» **Exercise goal**
Without the pictures, write the listing out again exactly as it appears.

» **Provided data**
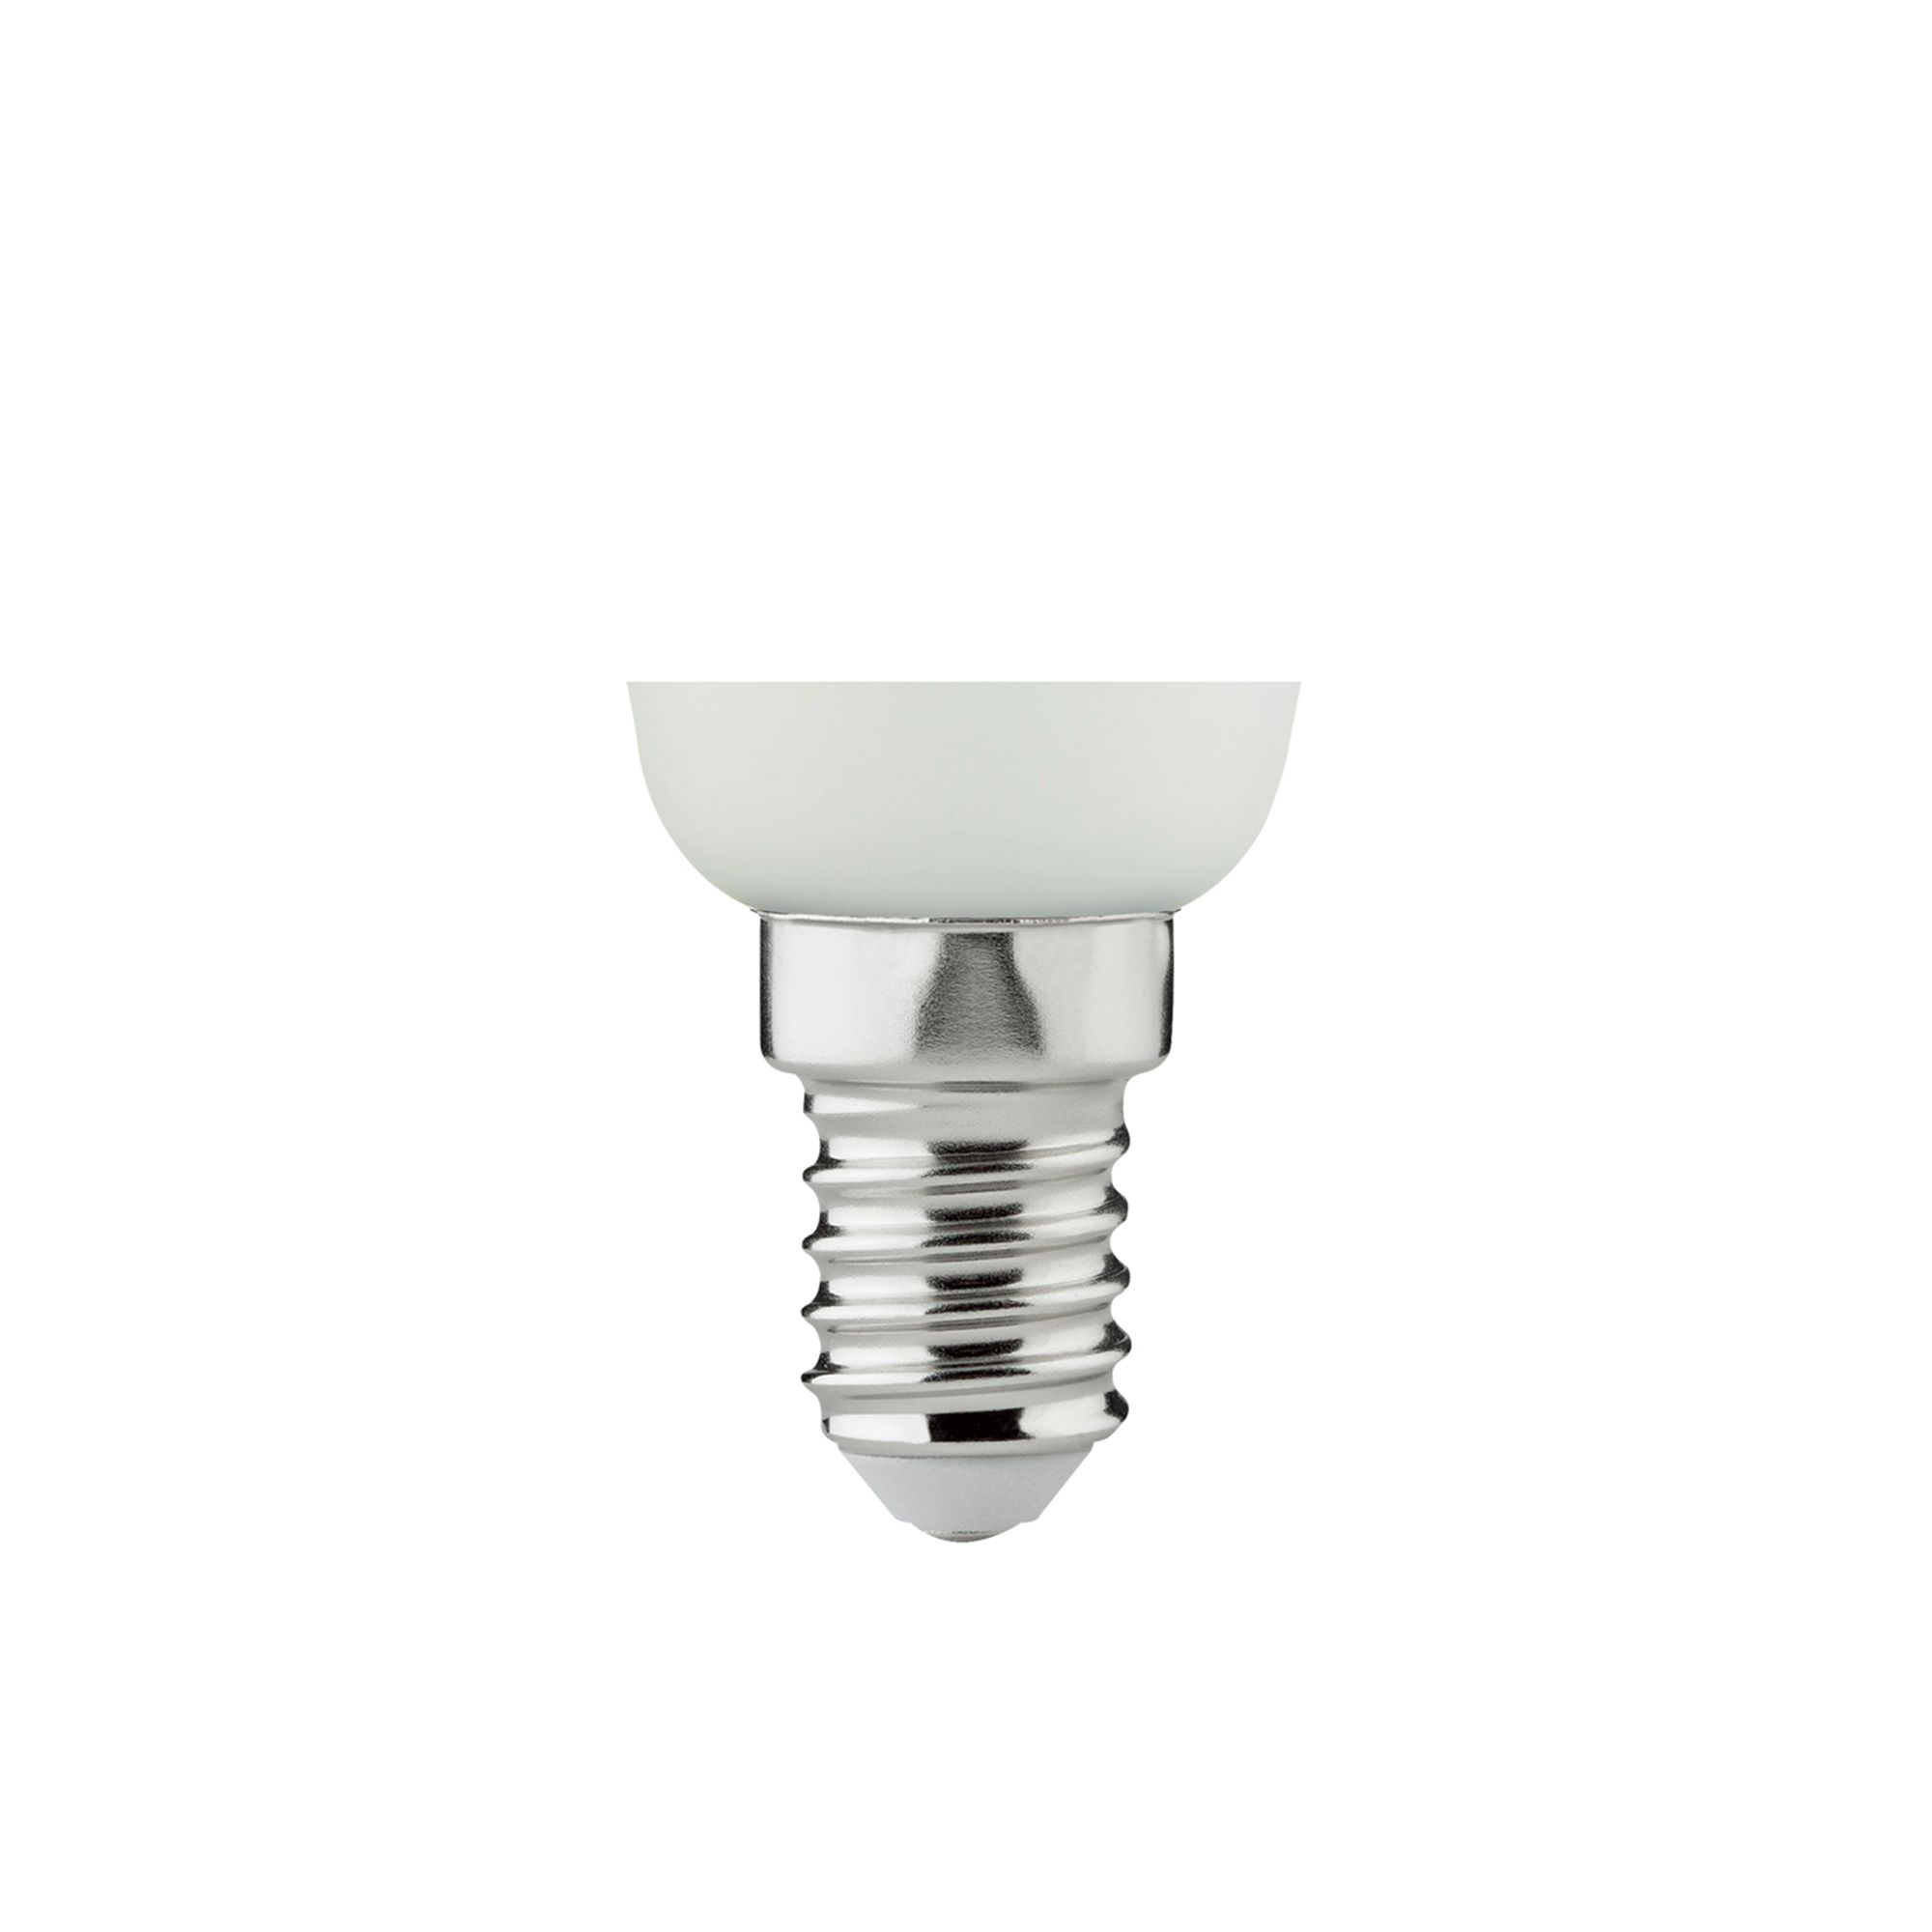 Diall 4.2W 470lm Frosted Mini globe Warm white LED Light bulb, Pack of 3
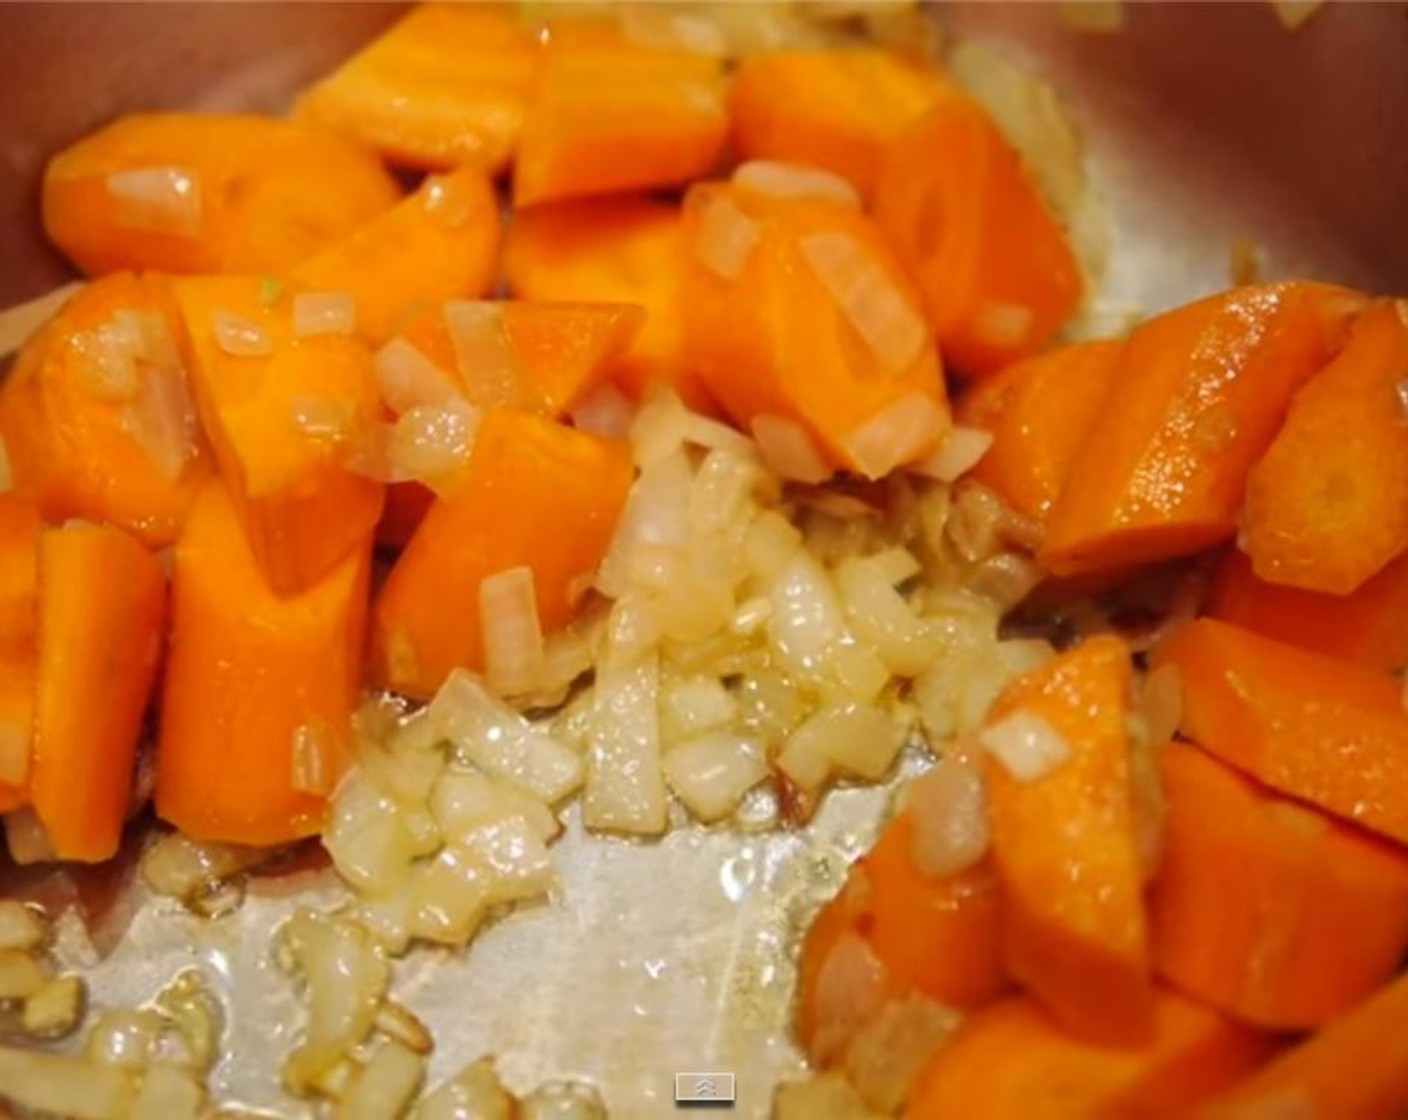 step 5 Add the carrots to the onion. Saute them together for 2 minutes.
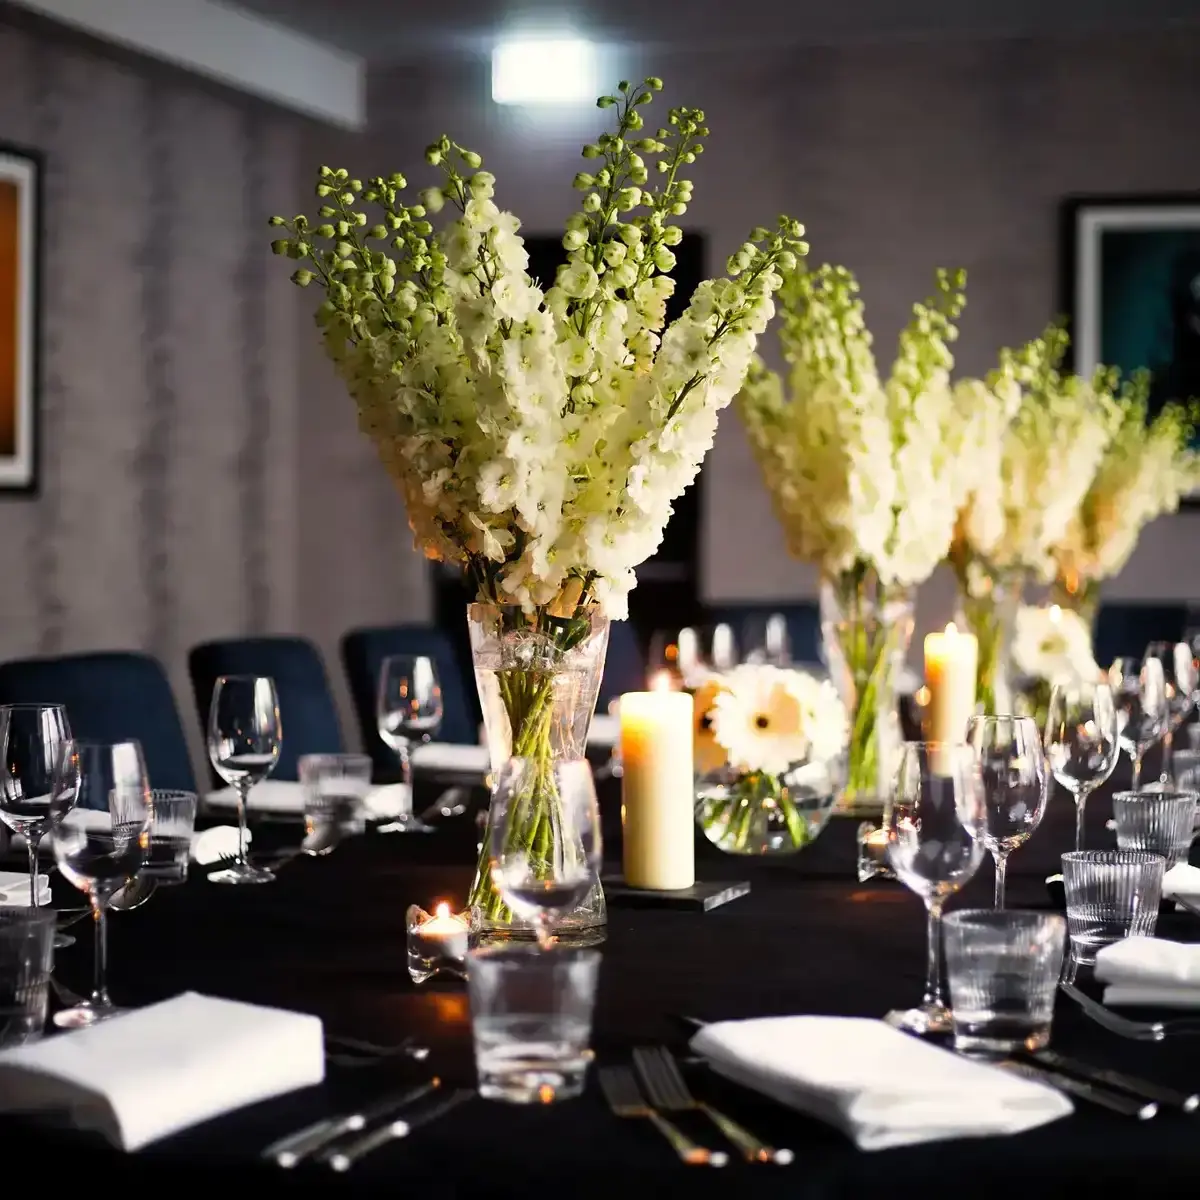 Malmaison Birmingham Private Dining Table set for a formal dinner with candles and flowers.

» **Task answer**
 Diall 4.2W 470lm Frosted Mini globe Warm white LED Light bulb, Pack of 3
 step 5 Add the carrots to the onion. Saute them together for 2 minutes.
 Malmaison Birmingham Private Dining Table set for a formal dinner with candles and flowers.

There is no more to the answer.